### Assignment
In the records below, repeat word for word only the lines starting at the one that contains "Escenas de la" and ending at the one that contains "Yellow lentil pasta - Ingrédients", pictures excluded.

### Records for this task
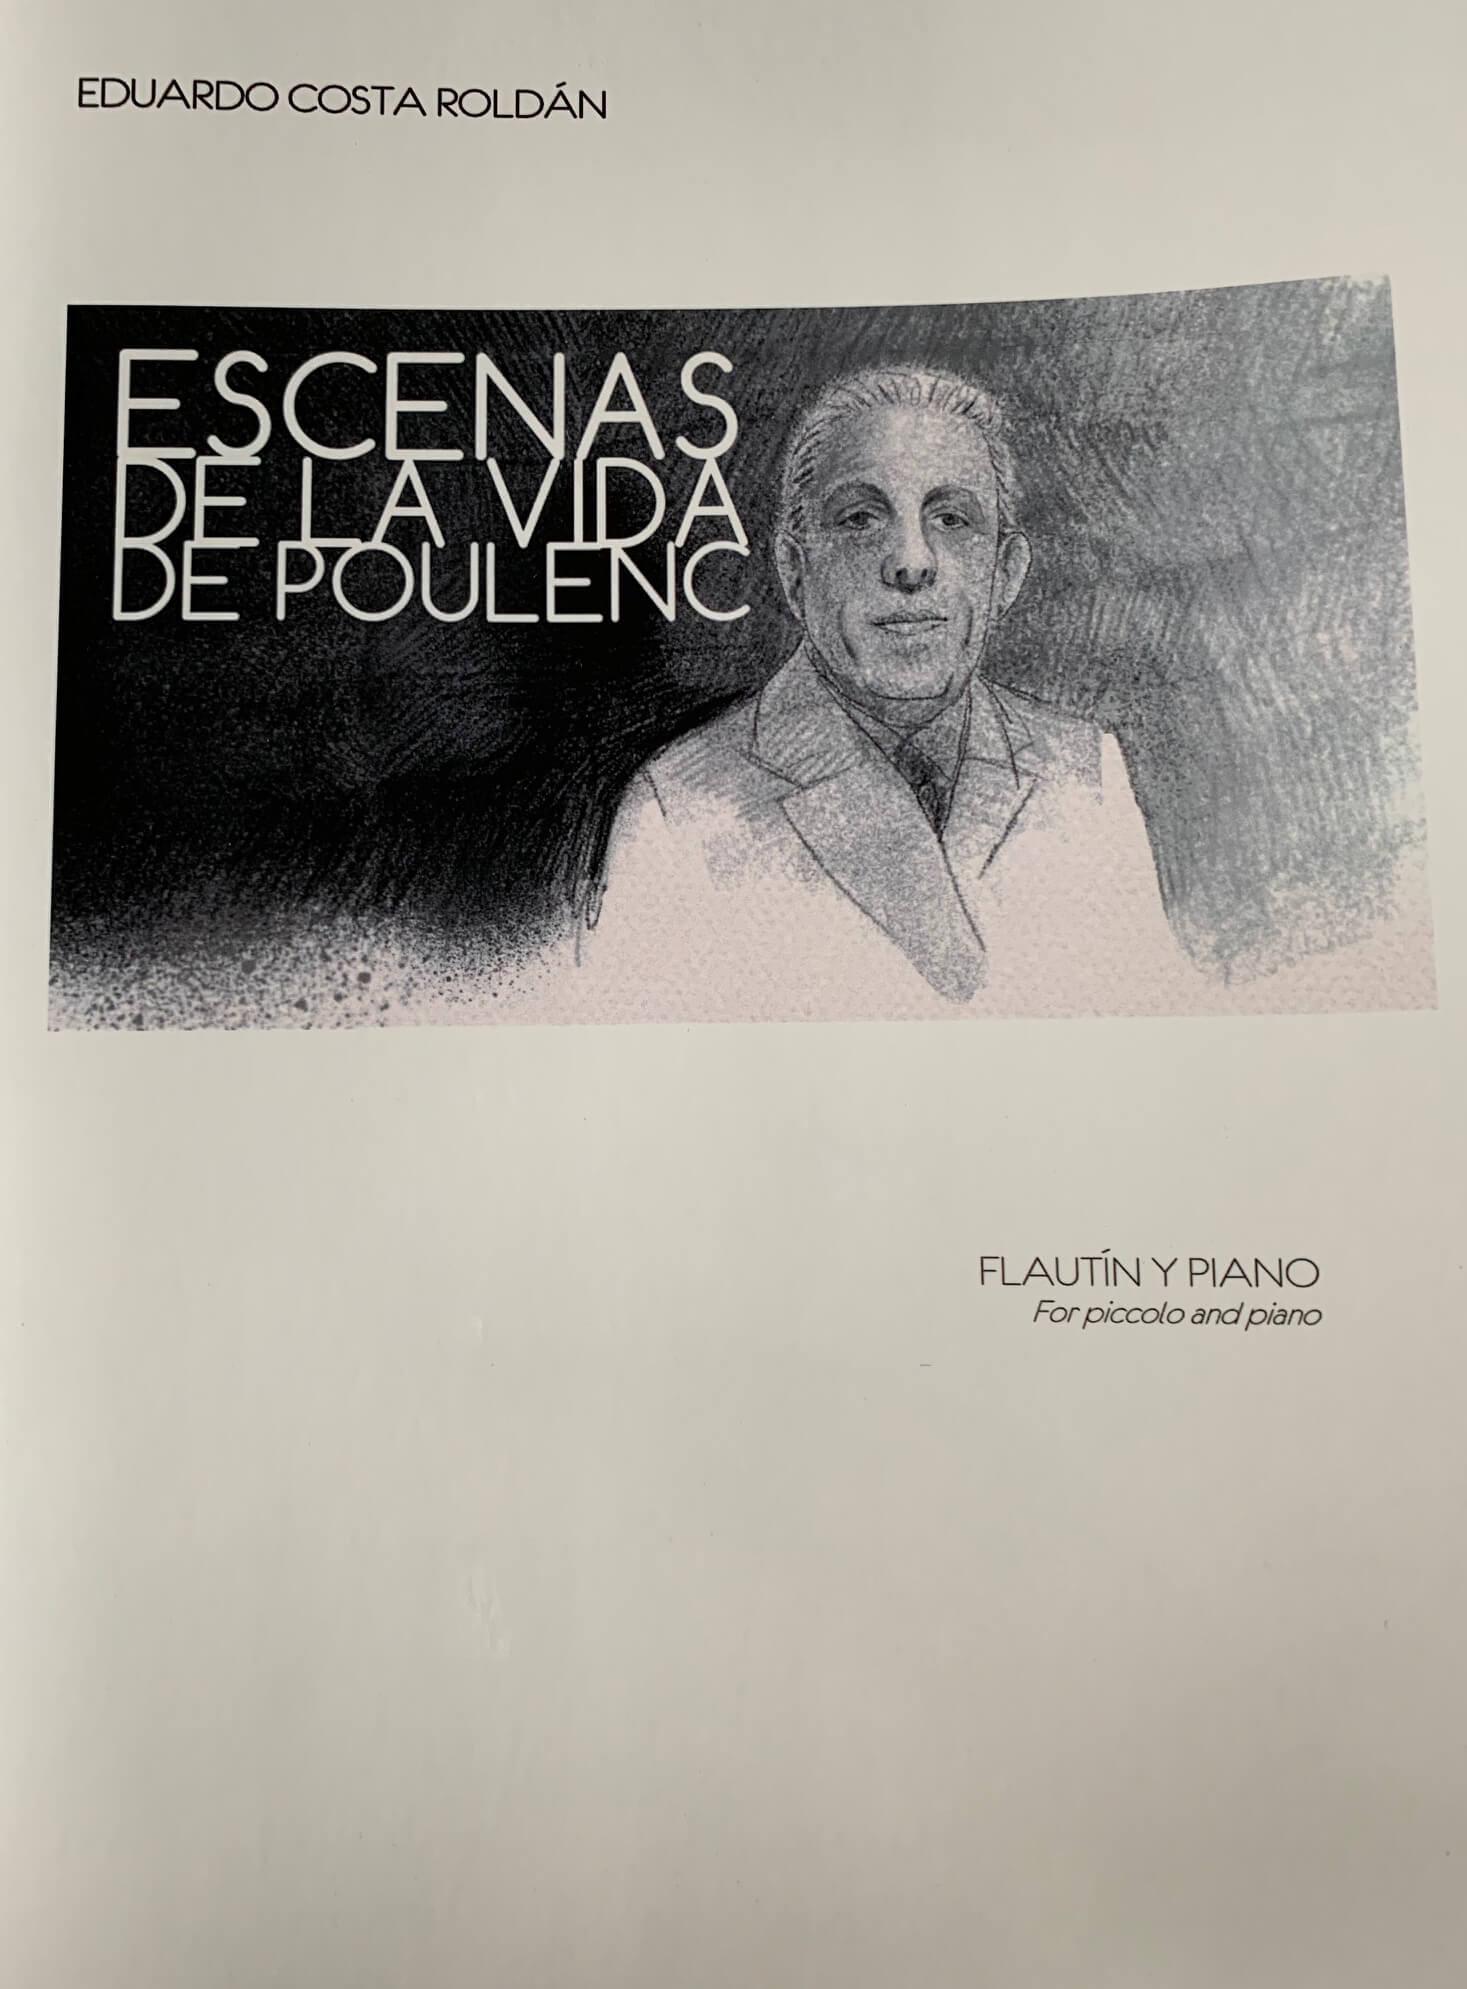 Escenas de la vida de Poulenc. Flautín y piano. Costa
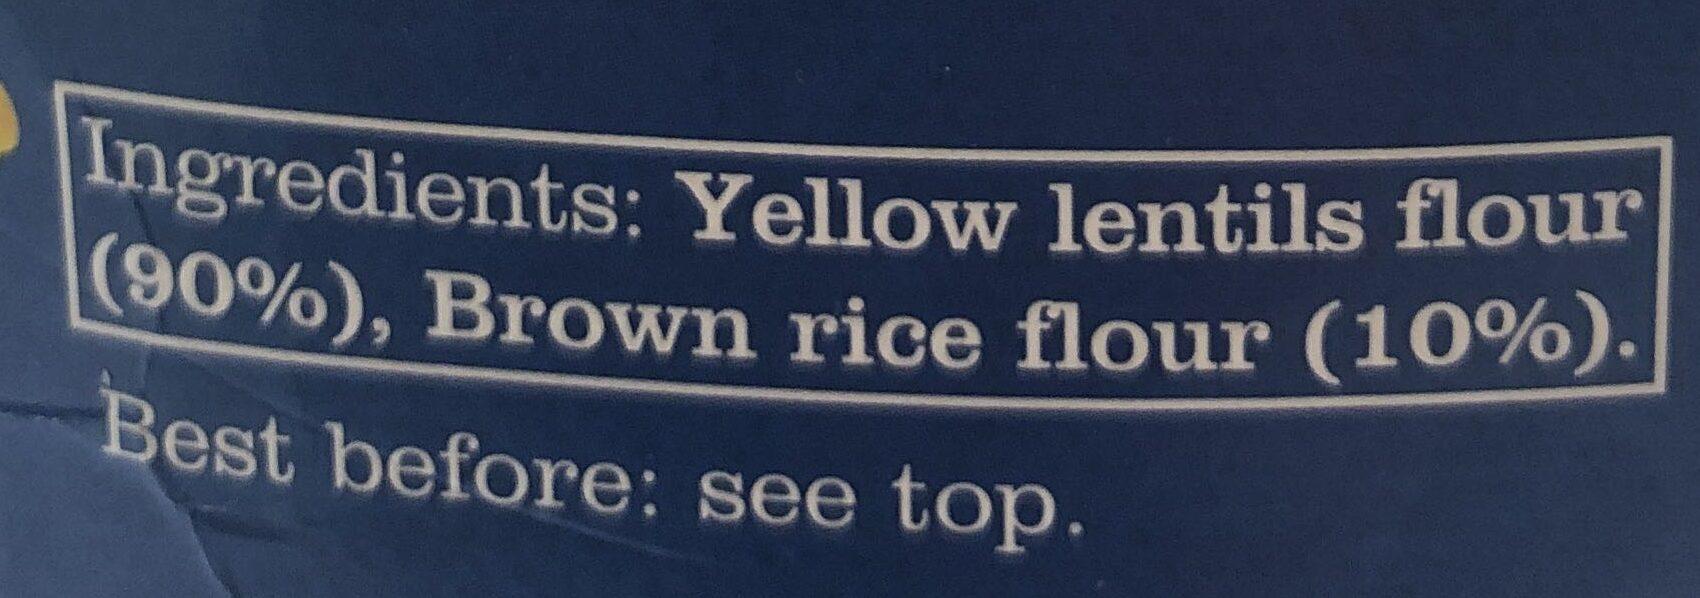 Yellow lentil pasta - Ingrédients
==
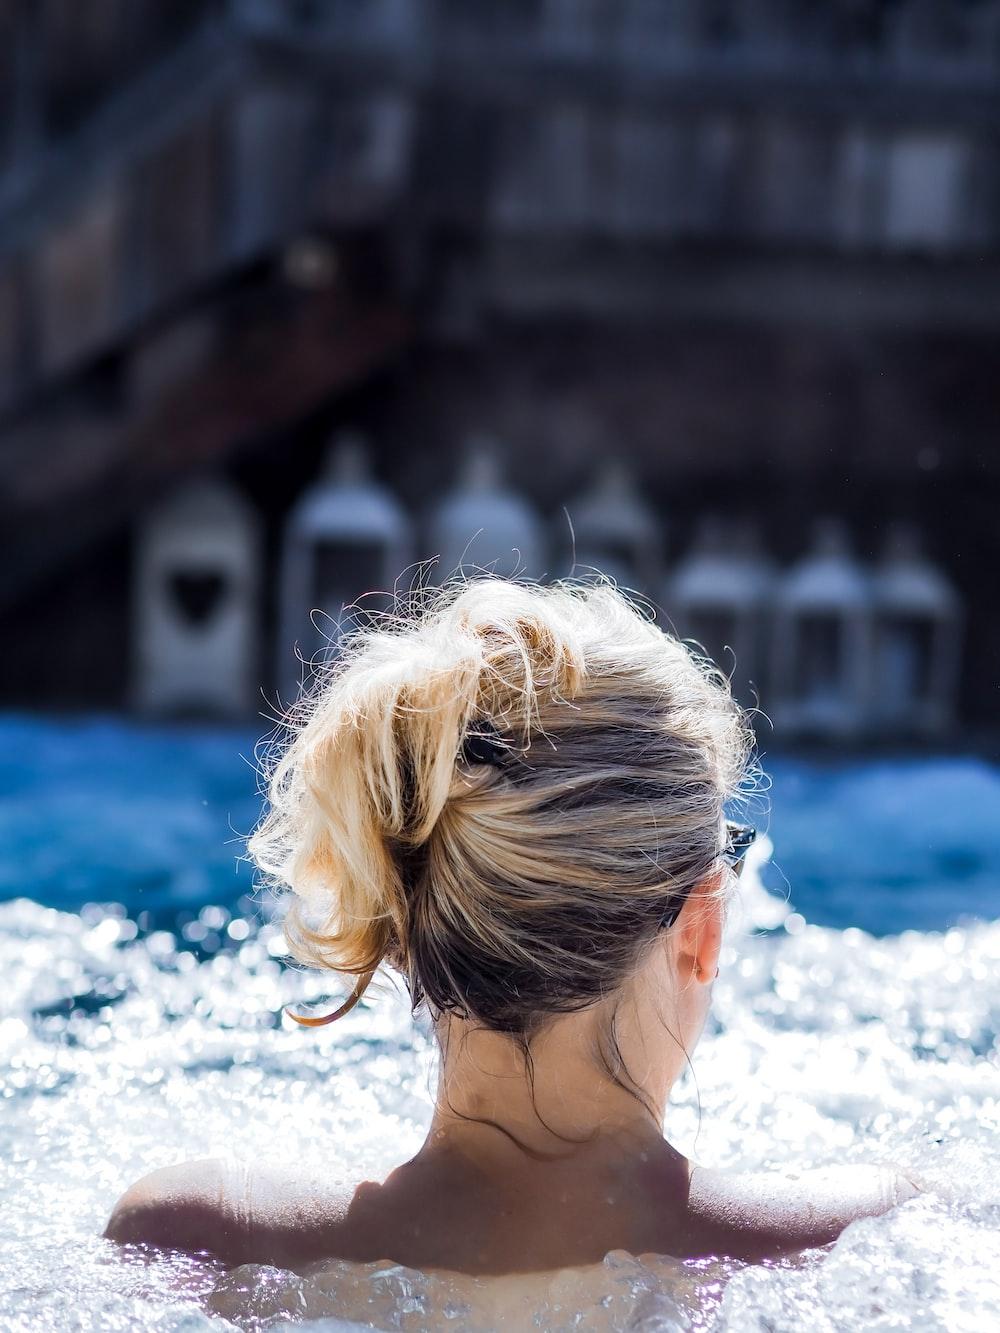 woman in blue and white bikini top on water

### Your solution
 Escenas de la vida de Poulenc. Flautín y piano. Costa
 Yellow lentil pasta - Ingrédients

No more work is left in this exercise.